Pada peringatan Hari Guru Nasional 28 November 2024, Presiden Prabowo Subianto mengumumkan rencana alokasi anggaran sebesar Rp 17,15 triliun untuk rehabilitasi dan renovasi 10.440 sekolah negeri dan swasta pada tahun 2025. Dana ini akan disalurkan langsung ke sekolah dalam bentuk transfer tunai, memungkinkan setiap sekolah untuk mengelola anggaran secara mandiri. Tujuannya adalah agar manfaatnya dapat dirasakan oleh siswa, guru, dan masyarakat setempat, serta untuk meningkatkan kualitas pendidikan secara keseluruhan.
Kebijakan ini bertujuan meningkatkan layanan pendidikan yang bermutu dan merata. Prabowo menegaskan pentingnya sekolah yang bersih, baik, dan memiliki fasilitas memadai, serta berkomitmen memperbaiki lebih dari 330.000 sekolah di seluruh Indonesia. (Kompas.com, 29/11/2024)
Problem pendidikan saat ini memang sangat kompleks, dan salah satu aspek yang menjadi perhatian adalah sarana dan prasarana. Banyak sekolah negeri yang tidak memiliki gedung sendiri, kekurangan fasilitas, dan berada dalam kondisi yang buruk. Berdasarkan data yang dihimpun dari Kemendikbudristek, pada tahun 2022 terdapat 21.983 sekolah yang membutuhkan perbaikan akibat kerusakan. Salah satu penyebab dari kerusakan ini adalah keterbatasan anggaran pemerintah untuk renovasi dan perbaikan fasilitas sekolah.
Menurut para ahli, untuk memenuhi kebutuhan fasilitas sekolah—termasuk bangunan, ruang kelas, serta fasilitas pendukung seperti laboratorium dan perpustakaan—negara memerlukan dana alokasi khusus fisik (DAK) sekitar Rp576,6 triliun. Namun, dalam pidato Presiden pada peringatan Hari Guru, alokasi untuk renovasi sektor pendidikan hanya mencapai Rp17,15 triliun. Angka ini sangat jauh dari yang dibutuhkan. Ditambah lagi, masalah korupsi dan penyalahgunaan dana sekolah semakin memperburuk kondisi pendidikan terkait sarana prasarana yang layak.
Indonesia Corruption Watch (ICW) pernah menyatakan bahwa Dinas Pendidikan adalah lembaga paling rentan terhadap praktik korupsi, diikuti oleh sekolah, universitas, pemerintah kabupaten/kota, dan pemerintah provinsi. Dugaan korupsi dalam sektor pendidikan bukanlah hal yang baru dan terus menjadi perhatian. Korupsi di sektor ini telah menjadi masalah yang berulang dan melibatkan berbagai pihak di dalamnya.

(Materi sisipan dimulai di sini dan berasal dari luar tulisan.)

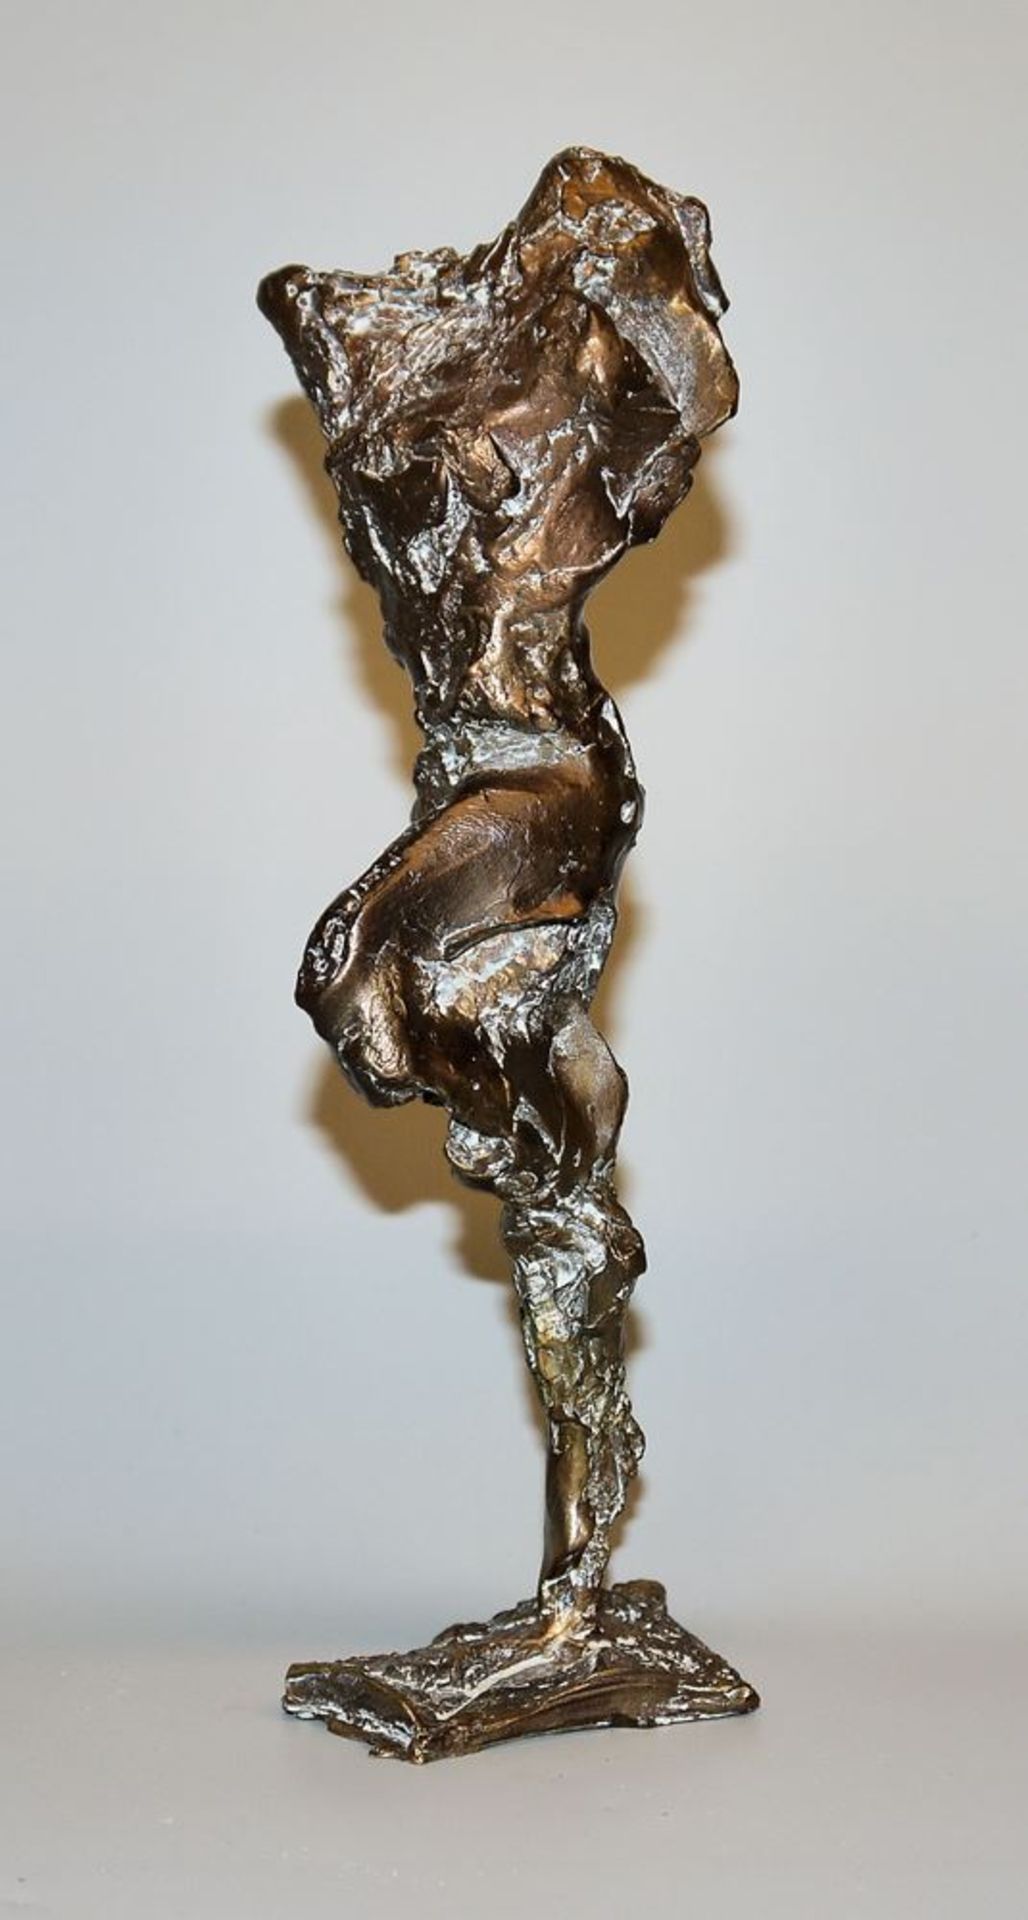 Karlheinz Oswald, Kleine Nike, signed bronze sculpture from (19)97/98, with catalogue

Maka tak heran, meskipun anggaran pendidikan terus meningkat, masalah seperti biaya pendidikan yang tinggi, rendahnya literasi baca, rendahnya kemampuan sains siswa, gaji guru honorer yang rendah, serta fasilitas pendidikan yang terbatas dan rusak masih terus terjadi.
Asal tak menutup mata, kita akan menemukan bahwa akar permasalahan pendidikan saat ini terletak pada paradigma sistem kapitalisme yang diterapkan dalam pengelolaan pendidikan. Pendidikan dipandang sebagai komoditas atau barang dagangan. Akibatnya, biaya pendidikan semakin tinggi, dan fasilitas yang memadai hanya tersedia di sekolah-sekolah elit, bukan di sekolah umum atau negeri.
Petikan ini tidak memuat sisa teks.